Когда я пытался говорить об этом с бабушкой – единственным человеком, которому мог доверять, – она лишь отпускала шутки о моей бурной фантазии и предлагала мне вступить в литературный кружок.

 

Иногда мне казалось, что она готова была вот-вот в чём-то сознаться, что-то рассказать мне – но стоило об этом спросить, бабушка резко меняла тему. В другие моменты я буквально чувствовал на себе, как она о чём-то сильно сожалела. А иногда – что её одолевала невыносимая тоска. Бабушка говорила, что ей становится легче, стоит мне только её обнять. И я охотно делал это, поскольку не знал, чем ещё мог отплатить за её доброту.

Я понятия не имел, было ли это просто словами бабушки, чтобы меня утешить, или я действительно обладал какими-то способностями, которых не понимал, а спросить было не у кого. Поэтому всё что я мог – просто продолжать наблюдать.

Чем старше я становился, тем больше сомневался в мире, в котором жил. Иногда мне представлялось, что его пронизывают невидимые нити, которые ткут не иначе как ткань бытия, – и кто-то или что-то умело управляет ими, чтобы кривить пространство. В некоторые моменты меня накрывало такое явное чувство диссонанса, что хотелось кричать: «Всё должно быть не так!» и рвать на себе волосы от досады.

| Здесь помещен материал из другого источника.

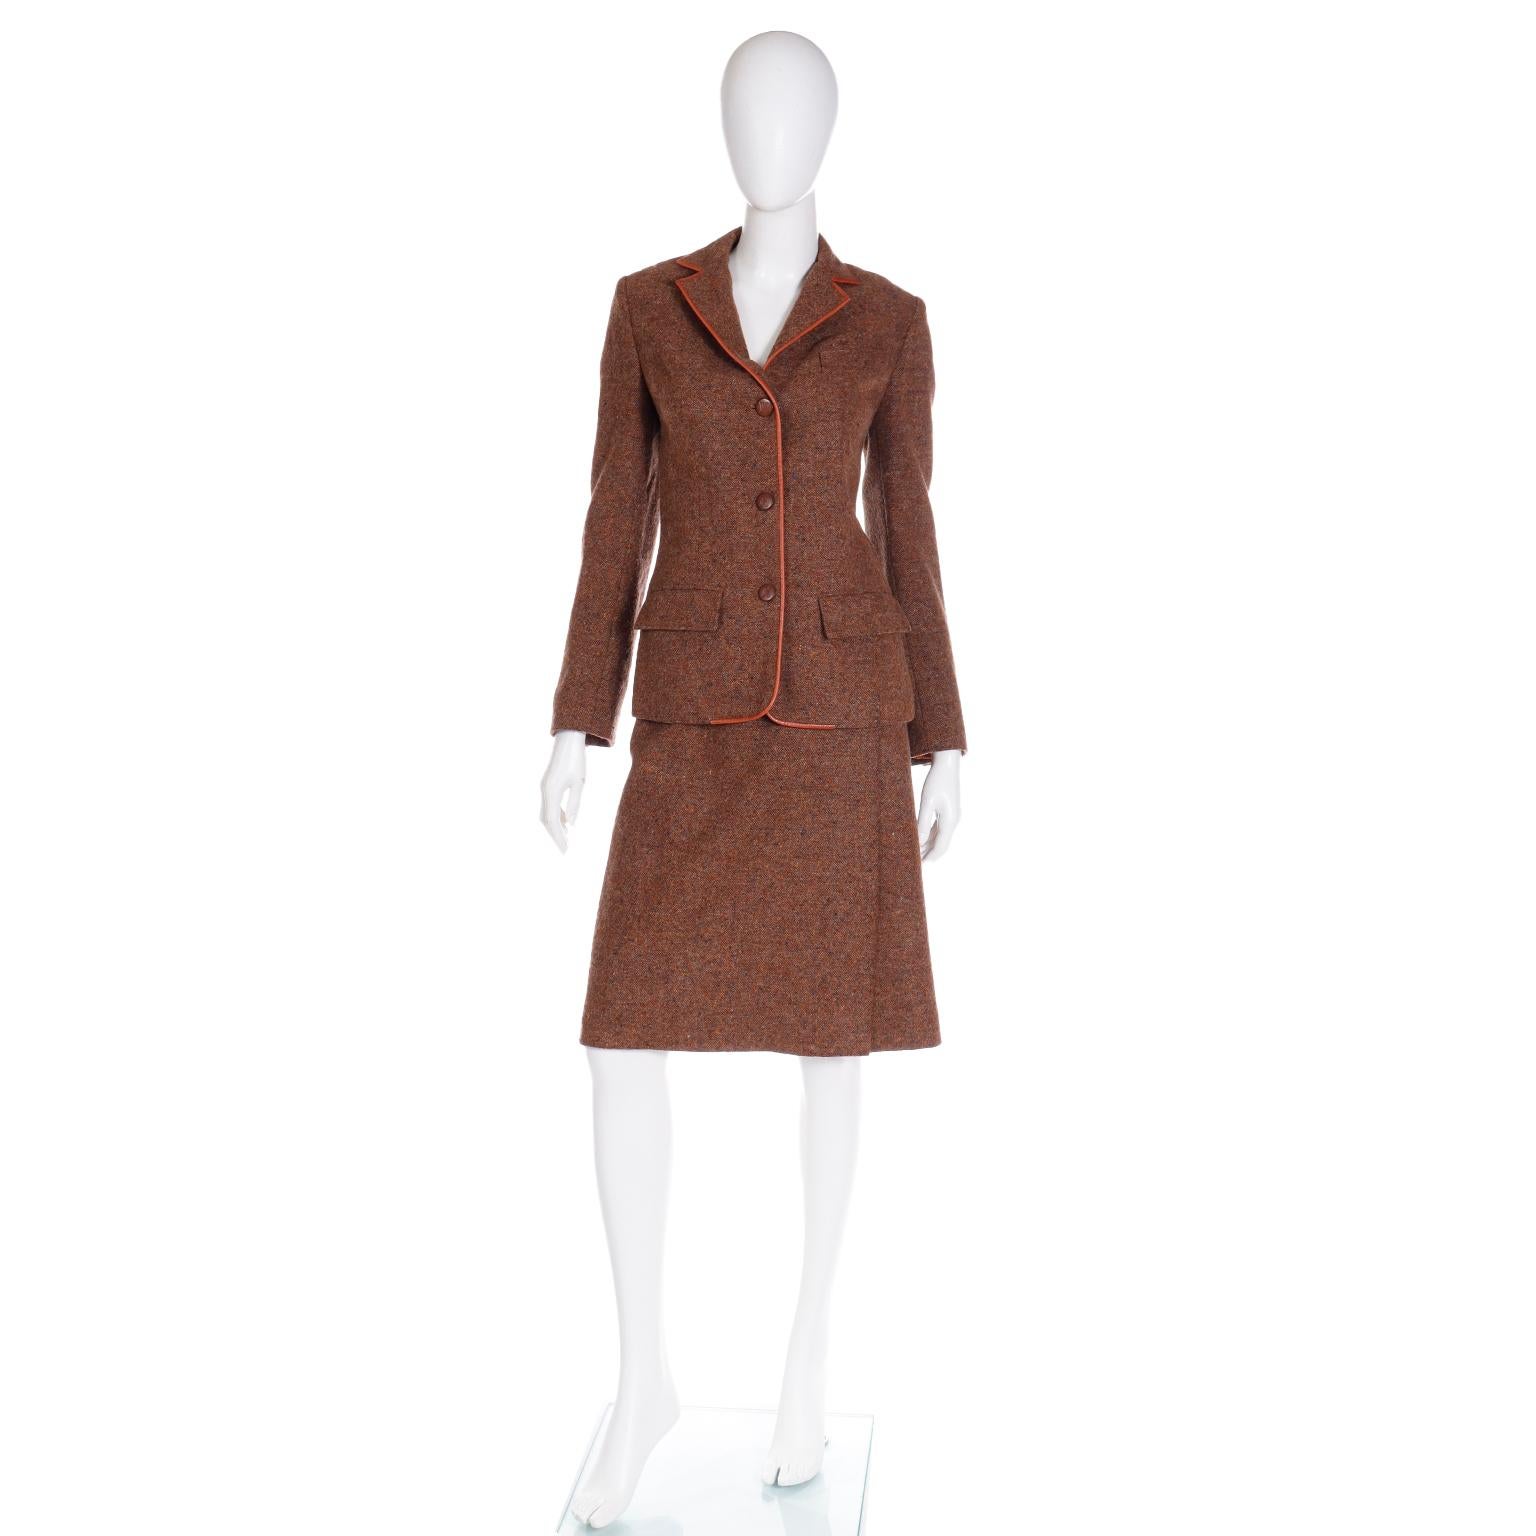 Dies ist ein Vintage 1970er Hermes braune Wolle Tweed-Jacke und Rock Anzug mit schönen Lederbesatz.	Dieses Outfit erinnert an den ursprünglichen Reiterstil von Hermes und ist sehr schön gemacht. Wir lieben die Vintage-Kleidung von Hermes, vor allem

Возможно, мама была права, и мне действительно стоило наведаться к врачу, но я этого так боялся, что раз за разом убеждал себя в том, что со мной всё в порядке. Я старался отвлечься от самого себя как только мог, и потому с головой уходил в музыку. Вряд ли, конечно, уровень моего среднего образования позволит поступить в приличное место, и уж тем более мне никогда не попасть в Академию Нот, лучшие выпускники которой создавали композиции для ТВ. Но как-нибудь заработать на жизнь я смогу.